Pursuant to the Amendment, the Lender agreed to extend the availability of the expired line of credit in the maximum amount of $5 million principal amount outstanding at any time (reduced from the $10 million maximum amount that was available for borrowing under the expired line of credit) under the Loan Agreement through September 30, 2011. The Amendment also (a) fixed new and increased rates of interest payable to the Lender with respect to amounts borrowed by the Company under the Term Loan and under the extended revolving line of credit from time to time, and (b) added a new covenant requiring the Company to maintain during each twelve-month period (tested quarterly, commencing December 31, 2010) a minimum ratio of cash flow to fixed charges (as defined, parent company only) of 1-to-1, and made other changes, all as set forth in the text of the Amendment which is filed as Exhibit 99 to this Report and is incorporated herein by reference.  The remainder of the Agreement was not changed by the Amendment in any material respect.
 
Item 2.03.          Creation of a Direct Financial Obligation or an Obligation under an Off-Balance Sheet Arrangement of a Registrant.

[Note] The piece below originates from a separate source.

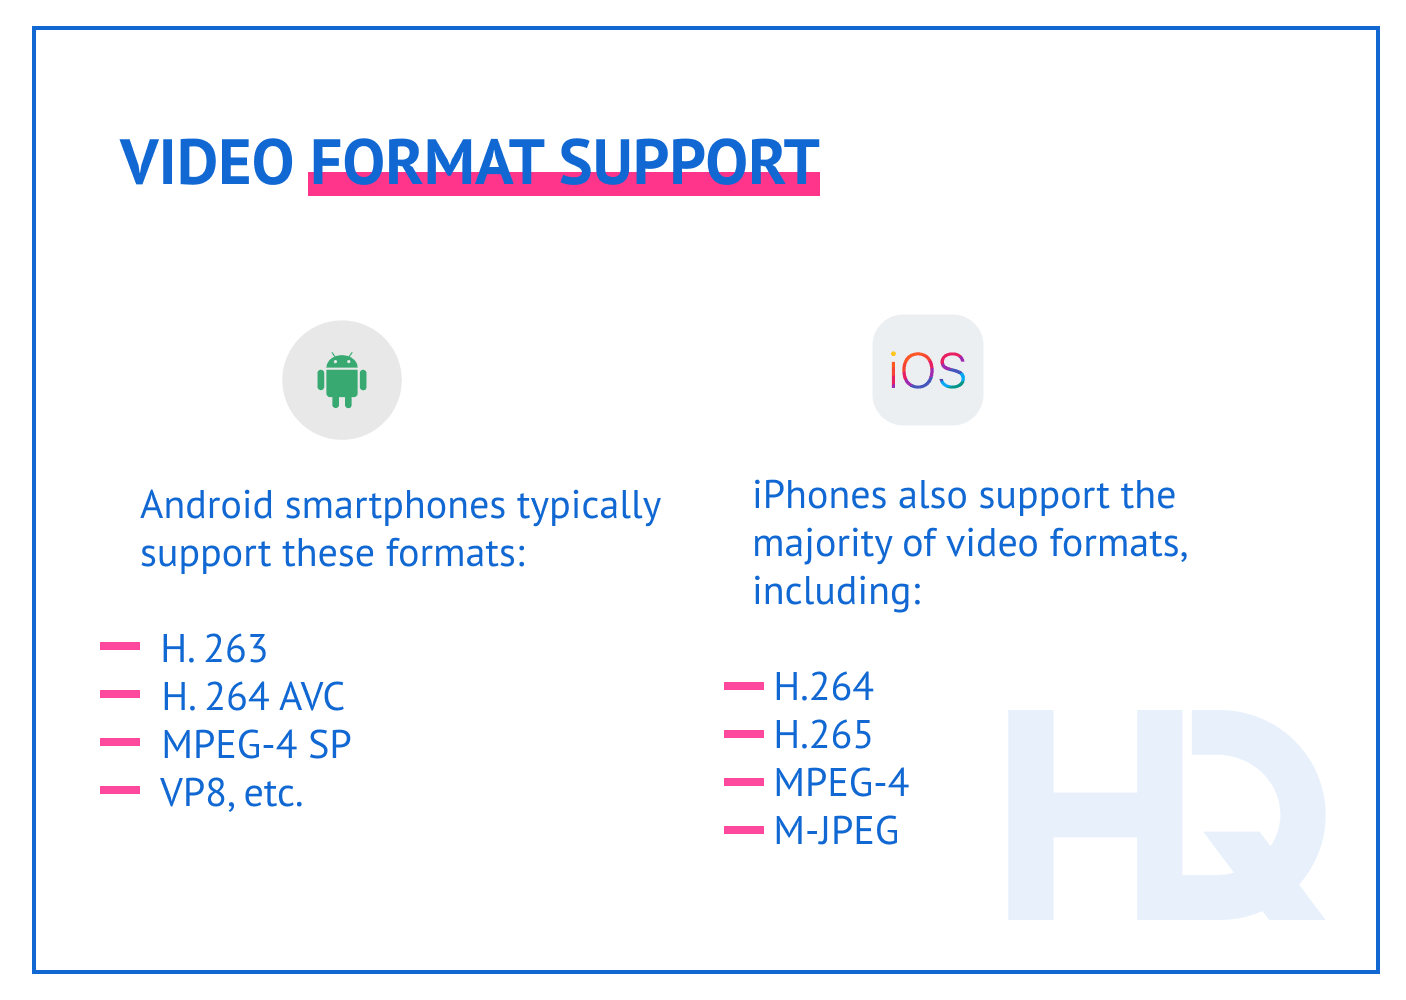 Video format support in iOS and Android apps.

The information reported under Item 1.01 is incorporated herein by reference.

Item 9.01.         Financial Statements And Exhibits.

 
(c)
Exhibits

Exhibit 99        
Fifth Amendment to Second Amended and Restated Loan and Subordinated Debenture Purchase Agreement dated as of November 23, 2010, by and between JPMorgan Chase Bank, N.A., and German American Bancorp, Inc.

 
 

 
SIGNATURES

Pursuant to the requirements of the Securities Exchange Act of 1934, the Registrant has duly caused this Report to be signed on its behalf by the undersigned hereunto duly authorized.

   
GERMAN AMERICAN BANCORP, INC.
       
Date:   
November 29, 2010
By:  
/s/ Mark A. Schroeder
     
Mark A. Schroeder
     
President and Chief Executive Officer
 
 
 

 
 
EXHIBIT INDEX

Exhibit 99     
Fifth Amendment to Second Amended and Restated Loan and Subordinated Debenture Purchase Agreement dated as of November 23, 2010, by and between JPMorgan Chase Bank, N.A., and German American Bancorp, Inc.